Une fois le matériau traité et sculpté dans la forme souhaitée, il est enduit d’huile minérale pour prolonger sa durée de vie. La cellulose a tendance à absorber l’eau, ce revêtement préserve donc le tranchant du couteau lors de son utilisation et lors de son lavage dans l’évier ou le lave-vaisselle.

En utilisant la microscopie à haute résolution, Li et son équipe ont examiné la microstructure du bois durci pour déterminer l’origine de sa résistance. « La résistance d’un morceau de matériau est très sensible à la taille et à la densité des défauts, comme les vides, les canaux ou les piqûres », explique Li. “Le processus en deux étapes que nous utilisons pour traiter le bois naturel réduit ou supprime considérablement les défauts du bois naturel, de sorte que ces canaux pour transporter l’eau ou d’autres nutriments dans l’arbre ont presque disparu.”

Ce processus de durcissement du bois a le potentiel d’être plus économe en énergie et d’avoir un impact environnemental plus faible que pour la fabrication d’autres matériaux synthétiques, bien qu’une analyse plus approfondie soit nécessaire pour le dire.

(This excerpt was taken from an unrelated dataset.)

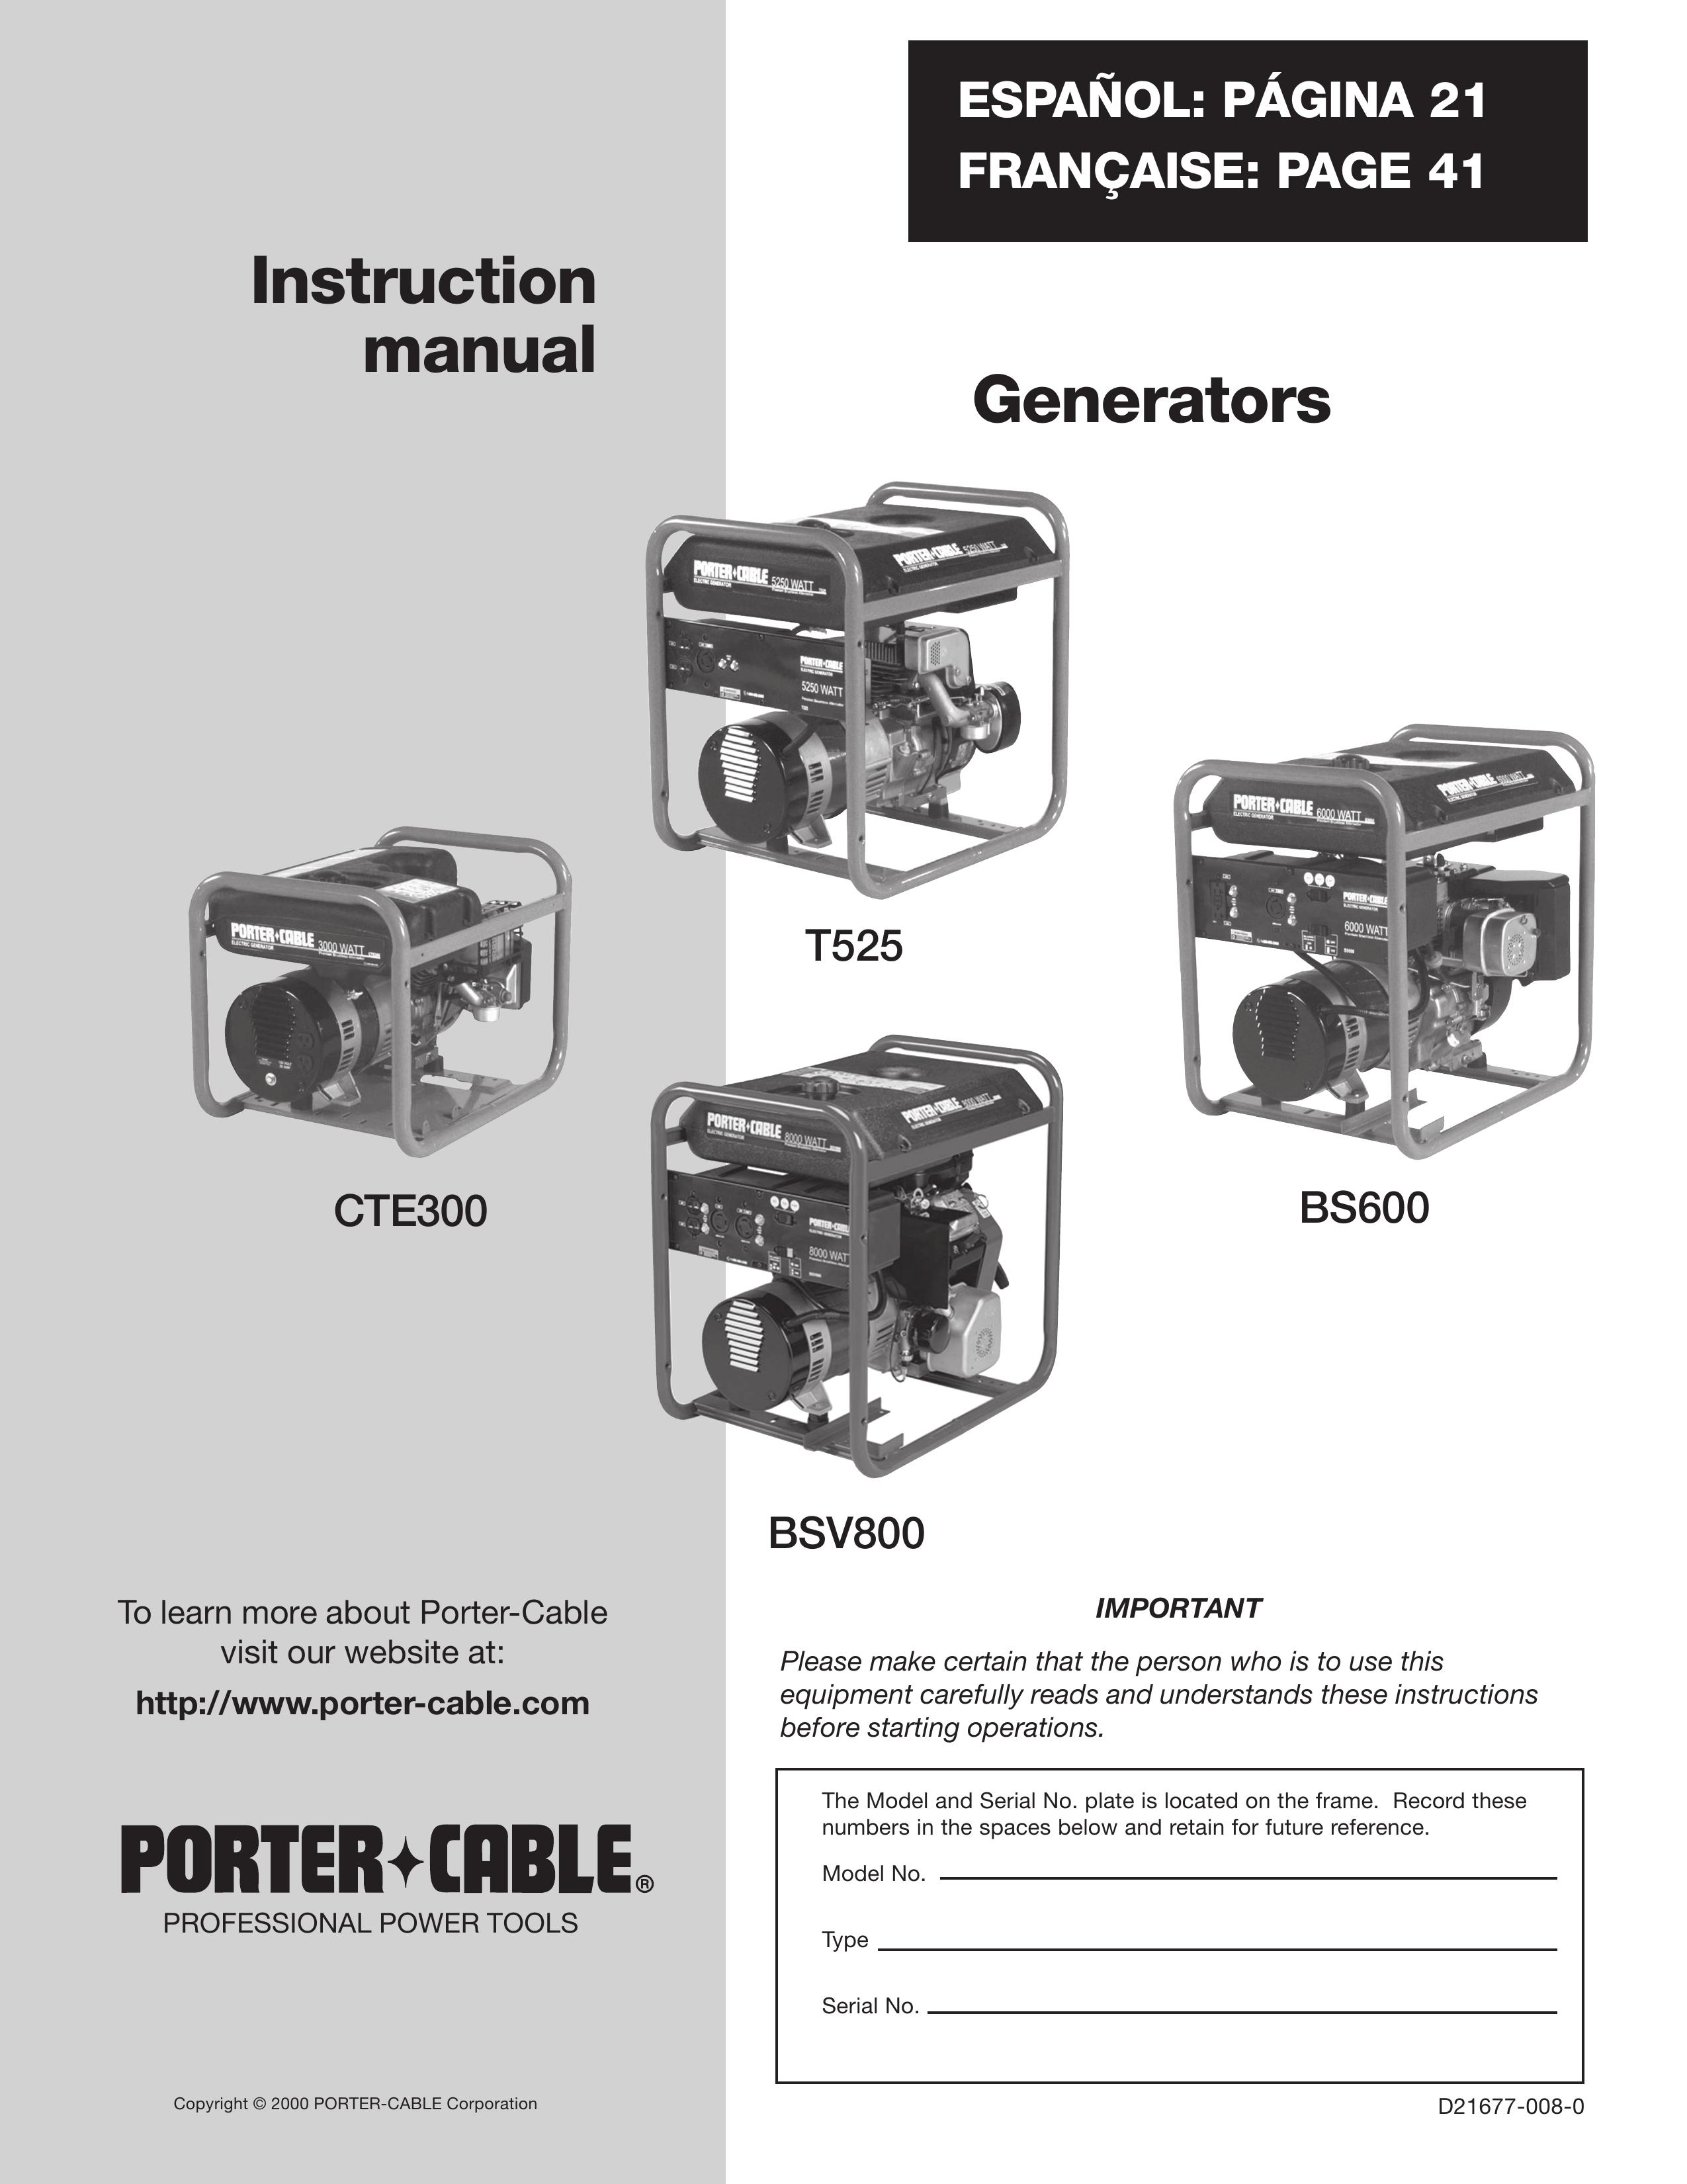 Porter-Cable BS600 Portable Generator User Manual

La première étape consiste à faire bouillir le bois à 100° Celsius dans un bain de produits chimiques, potentiellement réutilisables de lot en lot. A titre de comparaison, le procédé de fabrication de la céramique nécessite de chauffer des matériaux jusqu’à quelques milliers de degrés Celsius.

« Dans notre cuisine, nous avons de nombreuses pièces de bois que nous utilisons depuis très longtemps, comme une planche à découper, des baguettes ou un rouleau à pâtisserie », explique Li. “Ces couteaux, aussi, peuvent être utilisés plusieurs fois si vous les refaites surface, les affûtez et effectuez le même entretien régulier.”

Référence : « Hardened wood as a renouvelable alternative to steel and plastic » par Bo Chen, Ulrich H. Leiste, William L. Fourney, Yu Liu, Qiongyu Chen et Teng Li, 20 octobre 2021, Question.
DOI : 10.1016/j.matt.2021.09.020

Ce travail a été soutenu par Advanced Research Projects Agency – Energy.